◆ Data to process
-*-*-

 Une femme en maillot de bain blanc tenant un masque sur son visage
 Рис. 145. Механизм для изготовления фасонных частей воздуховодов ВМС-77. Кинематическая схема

-*-*-

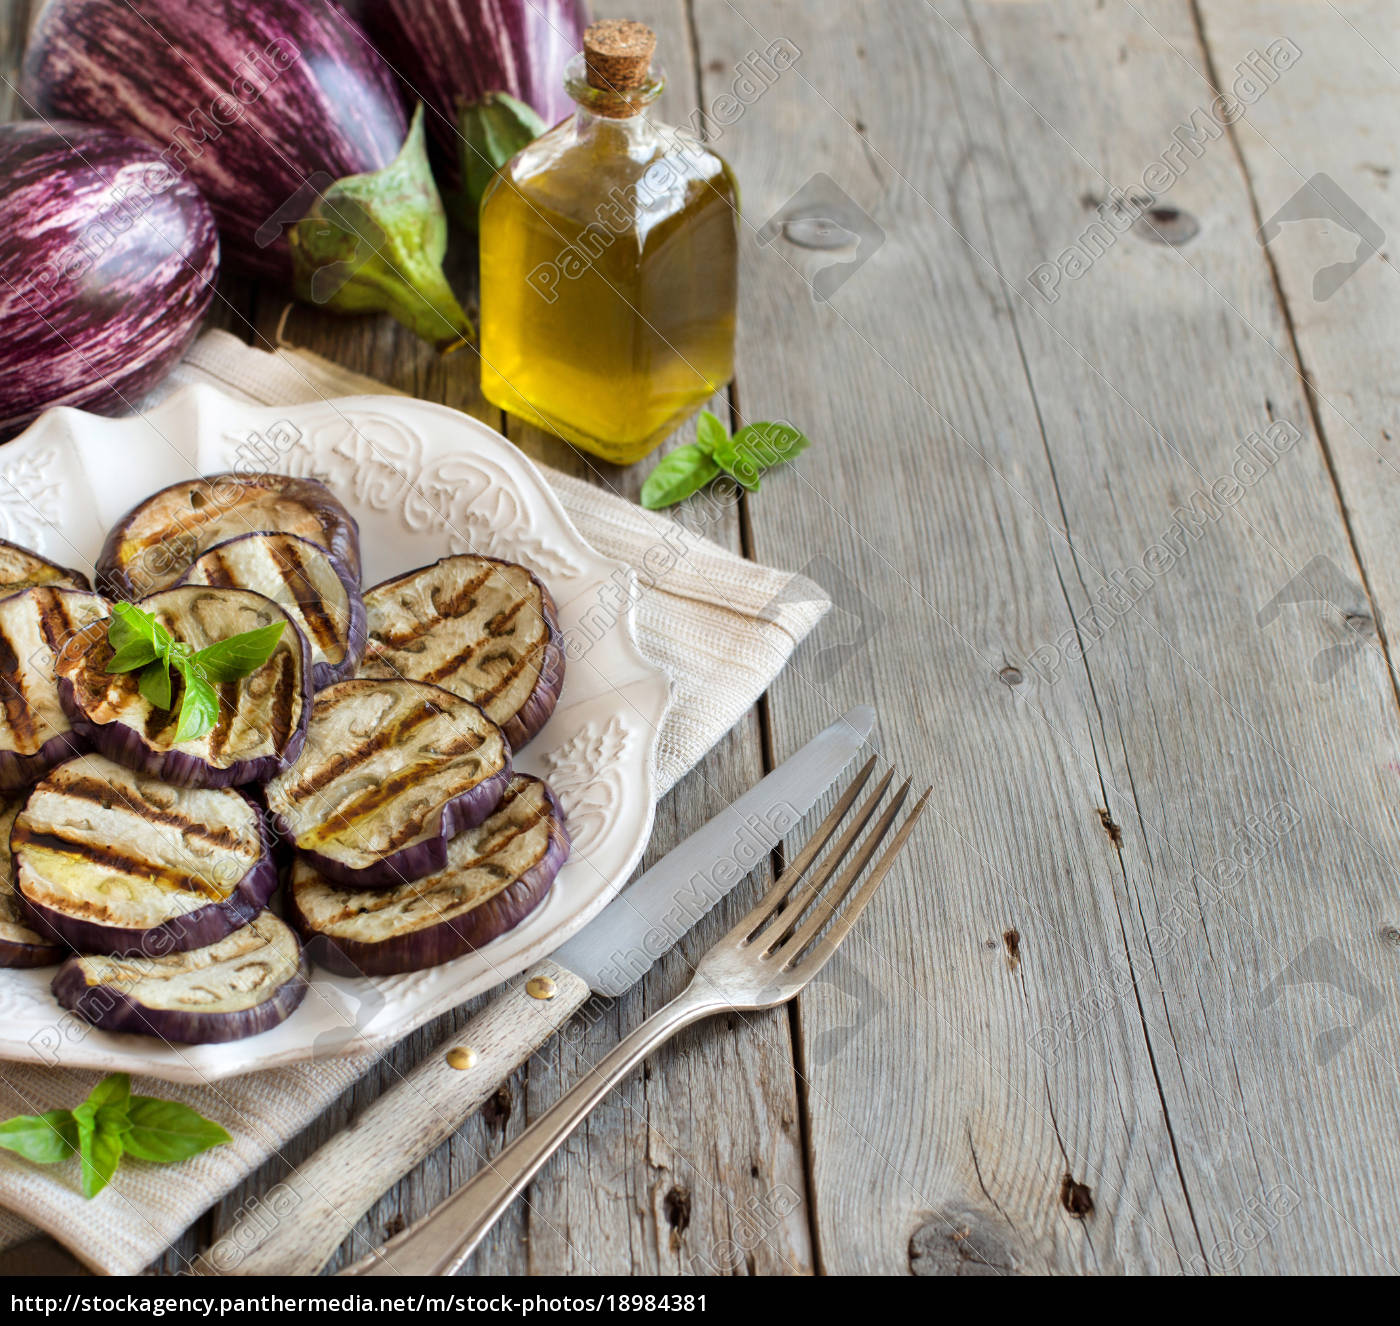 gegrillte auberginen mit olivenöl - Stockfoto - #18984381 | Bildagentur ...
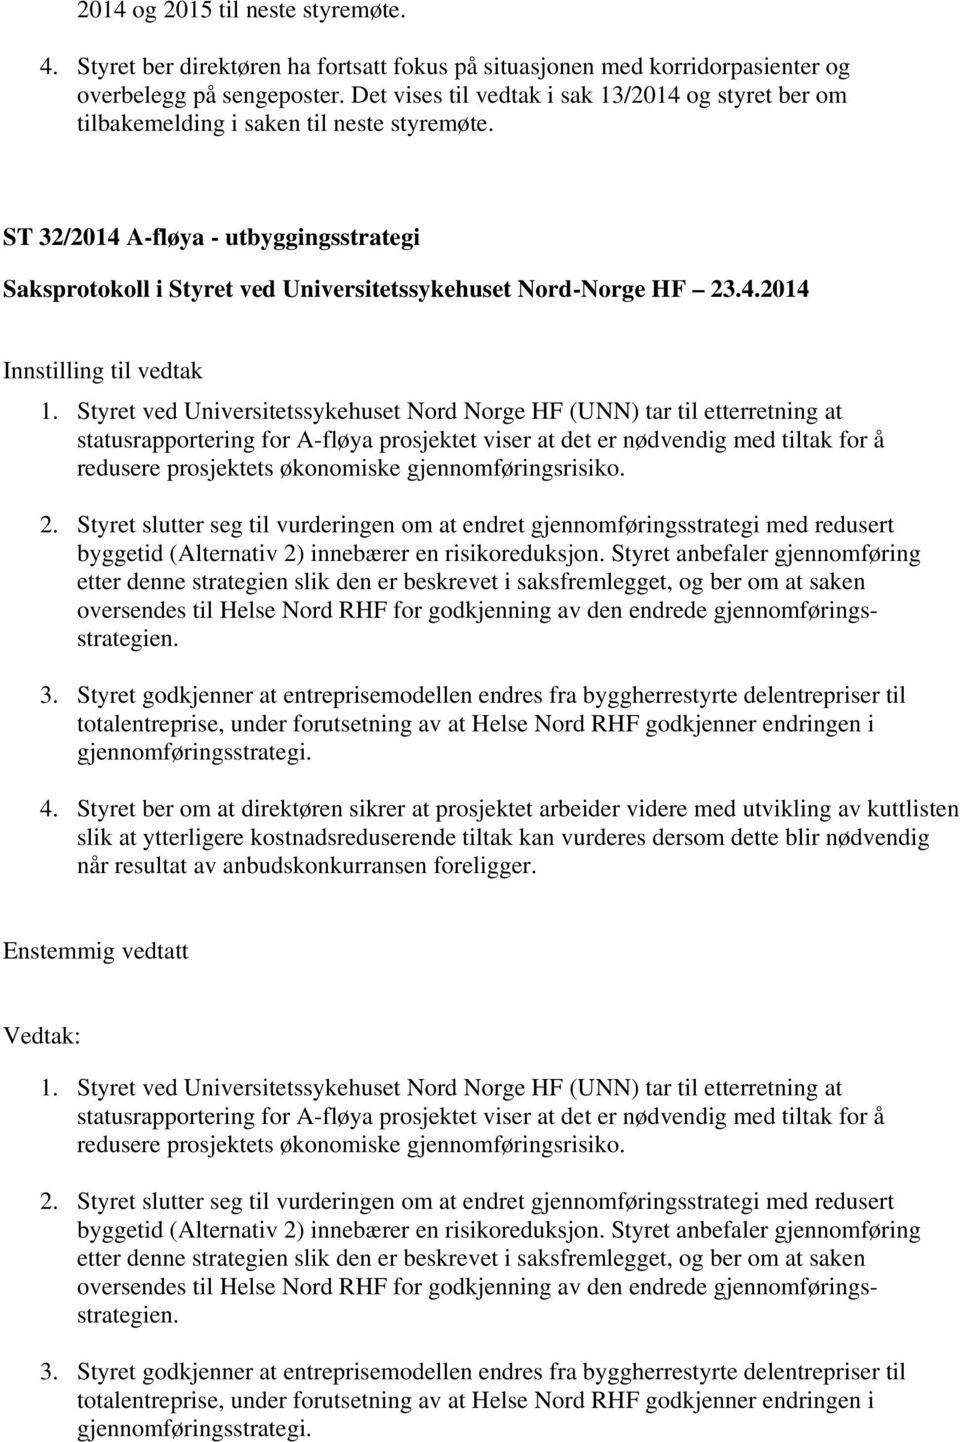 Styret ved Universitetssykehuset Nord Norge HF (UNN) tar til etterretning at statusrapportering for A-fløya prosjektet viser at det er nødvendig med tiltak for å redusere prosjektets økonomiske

-*-*-

◆ Your assignment
Write back word for word every line in the entries above from the one with "gegrillte auberginen mit" to the one with "Styret ved Universitetssykehuset", ends included, and none of the pictures.

◆ Solution
 gegrillte auberginen mit olivenöl - Stockfoto - #18984381 | Bildagentur ...
 Styret ved Universitetssykehuset Nord Norge HF (UNN) tar til etterretning at statusrapportering for A-fløya prosjektet viser at det er nødvendig med tiltak for å redusere prosjektets økonomiske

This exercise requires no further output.